_TASK PROMPT_
An exact, picture-free copy of the listing is required.

_SUPPLIED INFORMATION_
-- Opening Marker --

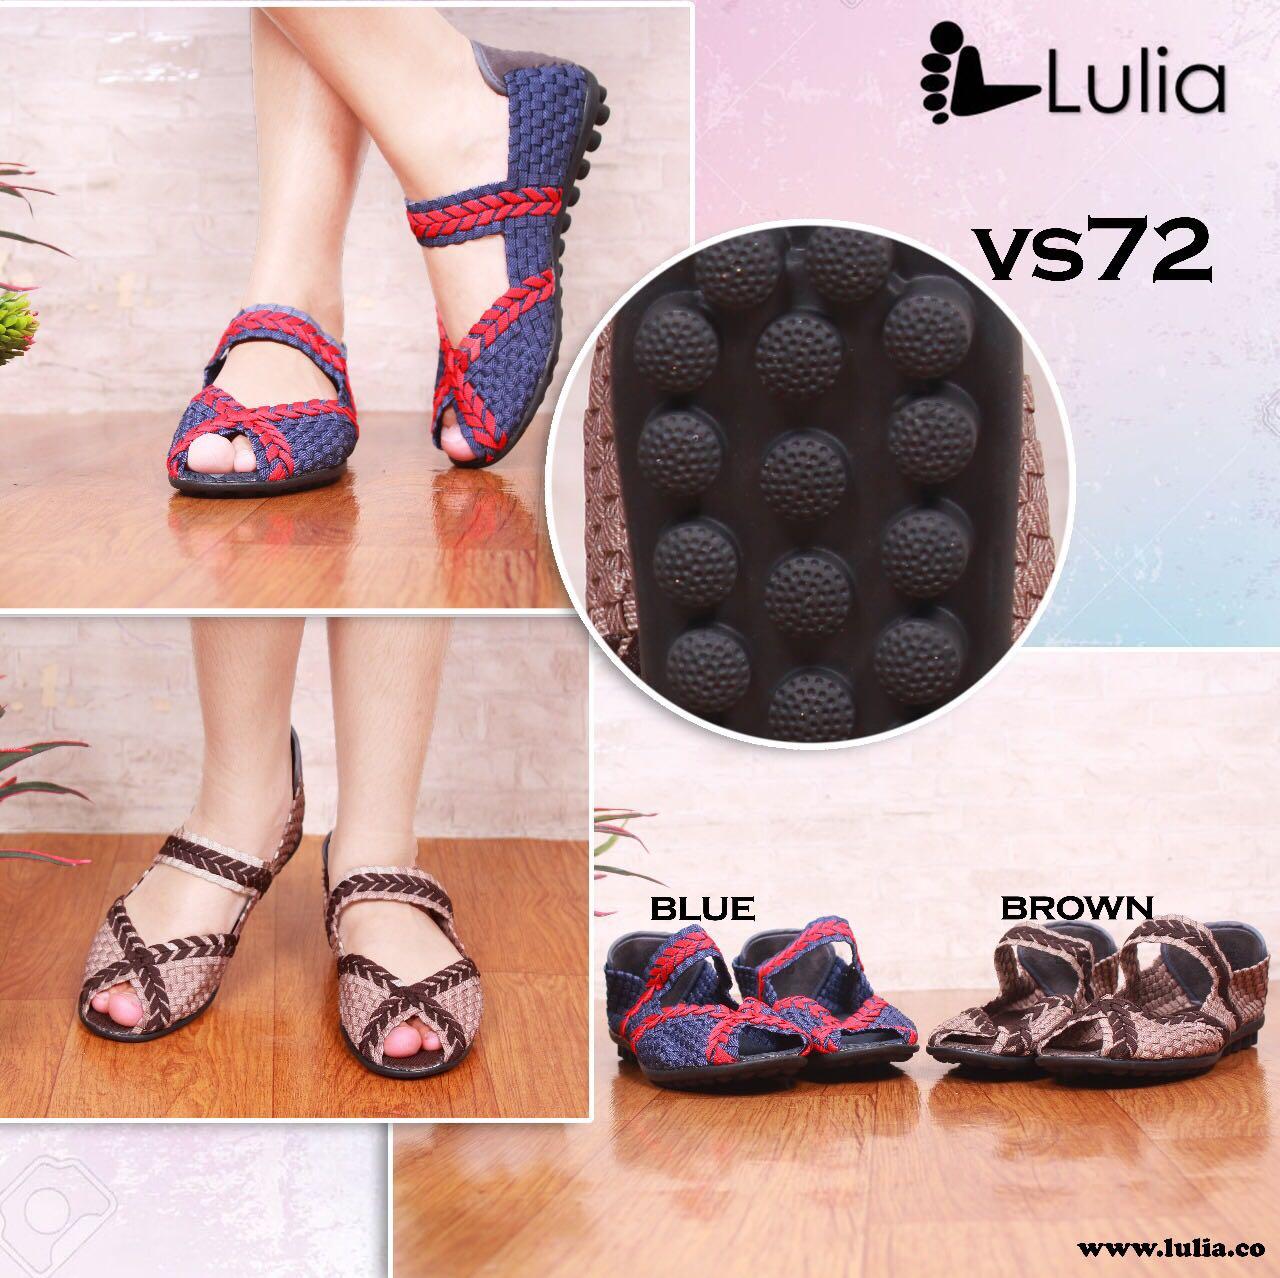 Sepatu Lulia Flat VS72
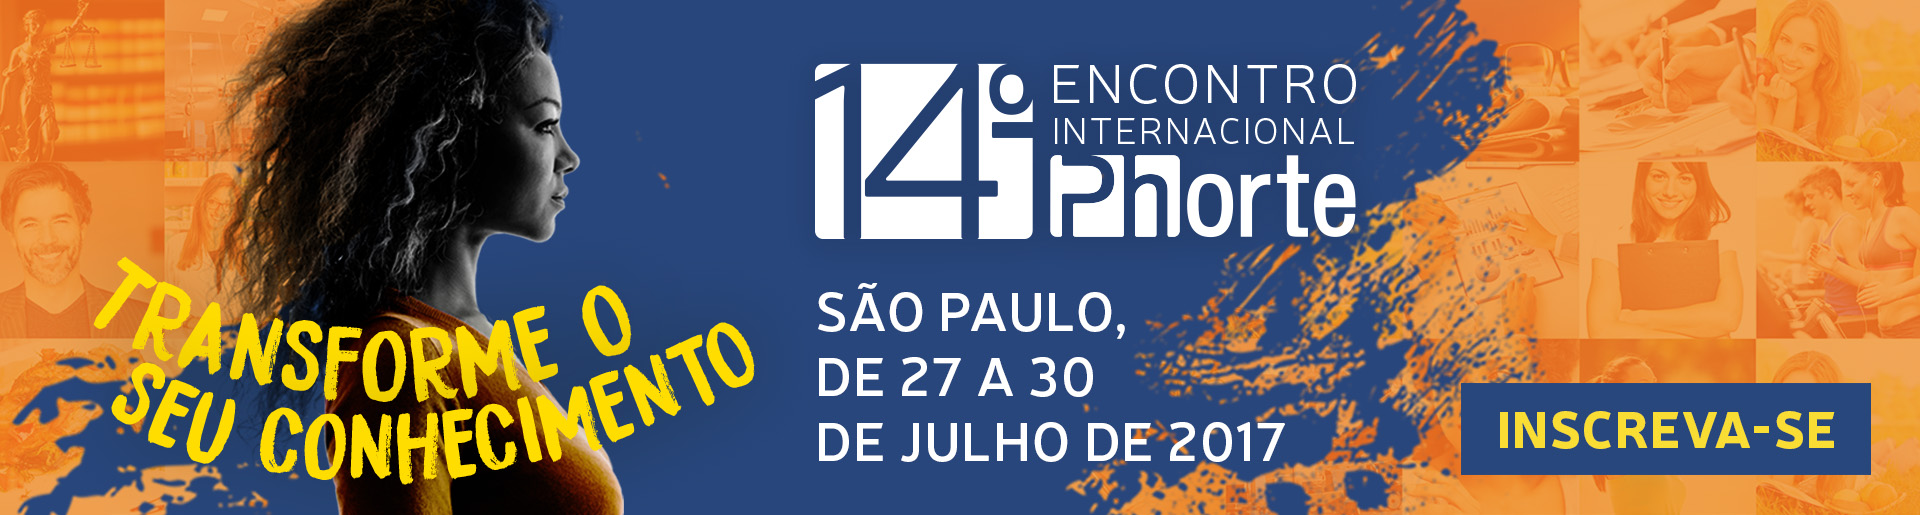 14º Encontro Internacional Phorte
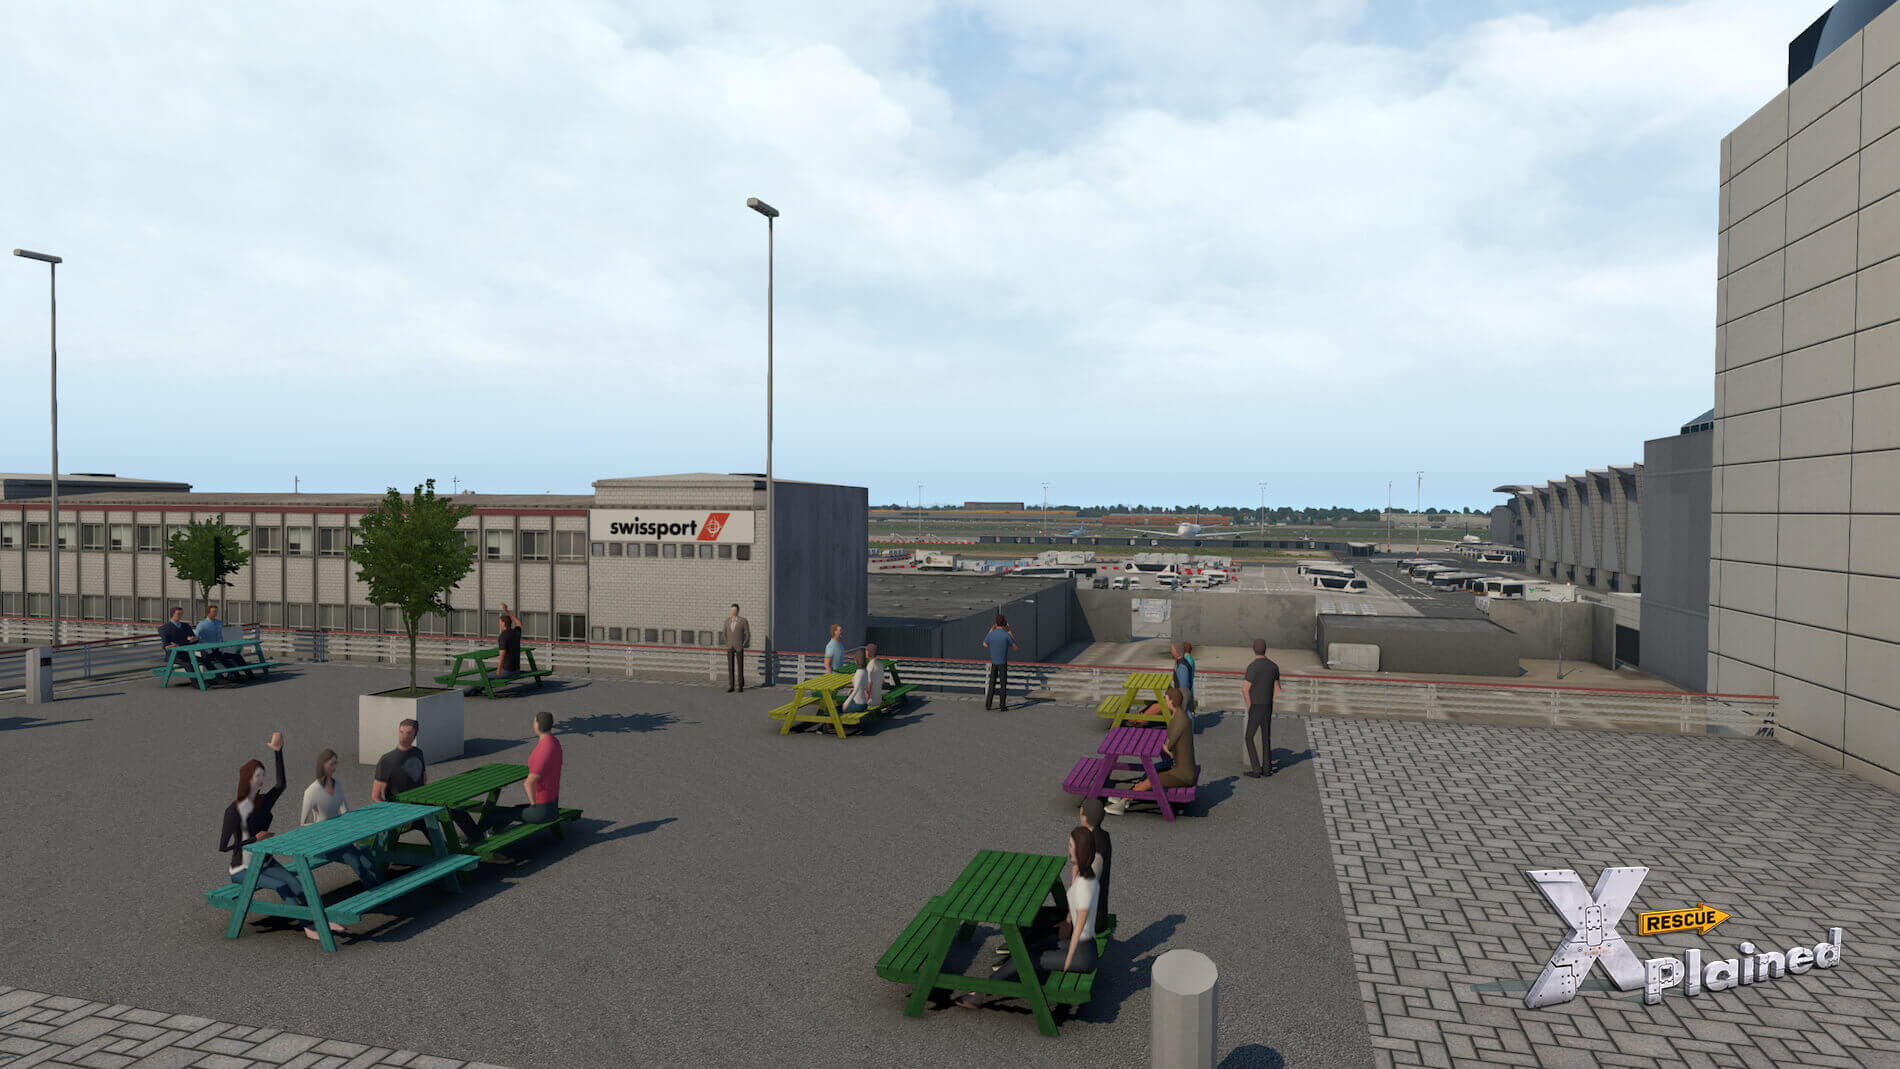 JustSim-EBBR-Airport-59

-- Closing Marker --

_RESPONSE_
 Sepatu Lulia Flat VS72
 14º Encontro Internacional Phorte
 JustSim-EBBR-Airport-59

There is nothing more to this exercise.